In healthcare, HPE solutions with data platform WEKA enable radiologists to use increasing amounts of medical imaging data to train AI models that assist clinicians in diagnostic testing and enhance patient experiences.
Sectors like public services are looking to AI to help them find operational efficiencies and better workforce management that helps teams by automating routine tasks and improving workflows. "This reduces operational costs, ramps-up service delivery, and allows human resources to focus on more complex, value-added activities," says Watson-Hall.
Central to these accelerated development lifecycles is HPE Private Cloud AI's use of NVIDIA's Nvidia Inference Microservice - NIM - a growing set of reference architectures that enable enterprises across sectors and industries to adopt cloud-enabled AI apps/use-cases at speed.
NVIDIA NIM helps to create data pipelines, and develop and fine-tune generative AI models. When deployed, NIM exposes industry-standard APIs for simple integration into AI applications, development frameworks and workflows.

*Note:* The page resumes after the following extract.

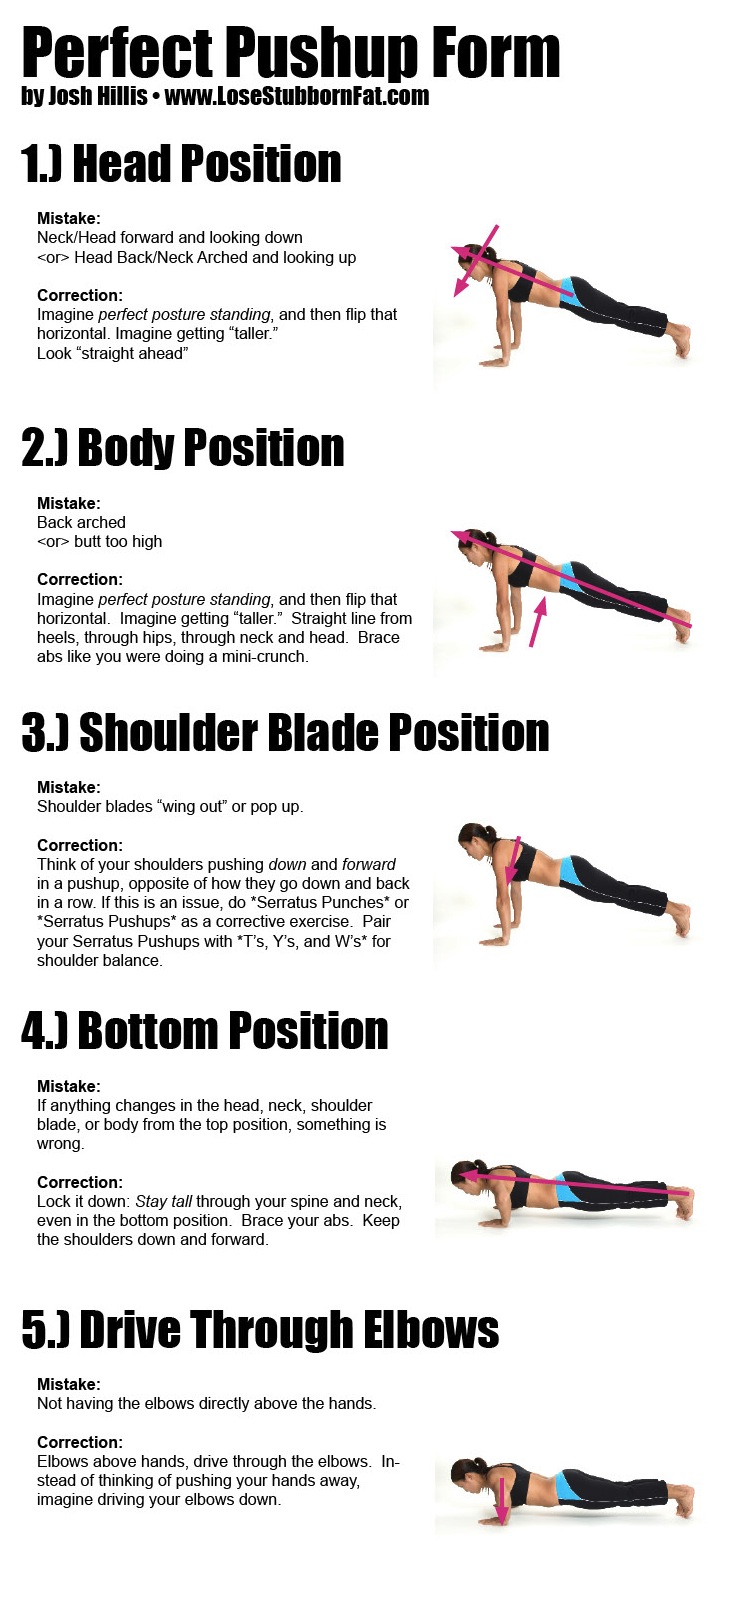 Perfecting the push-up

Securing against LLM leaks
Large language models (LLMs) are key to deriving insights when enterprises interrogate their proprietary data. Hyperscale clouds used to pretty much be the only public environments in which organizations could develop and run AI/LLM-class workloads - giving rise to data security concerns. While LLMs can be targeted by cyber-attacks, training LLMs can draw in sensitive data that, if mishandled, can pose security risks.
"Working with HPE Private Cloud AI, enterprises can now run LLMs on-premises, with all the cloud-credible performance attributes they want, but with a secure wraparound," Greenwood says. "If LLM data leaks into the public domain, it could cause formidable problems if it contains a business's intellectual property. HPE Private Cloud AI is designed to secure the LLMs it helps to develop and deploy."
The rapid adoption of AI by the commercial mainstream is proving a potent check to the public cloud advocacy that fashions many enterprises' IT strategies. As Greenwood and Watson-Hall describe, from pilot to production there are many factors that play in favor of an AI-ready organization choosing private cloud for more complete control of its projects. HPE recognizes how optimization of data storage - improving unification, latency, manageability - is an essential priority for winning AI ventures.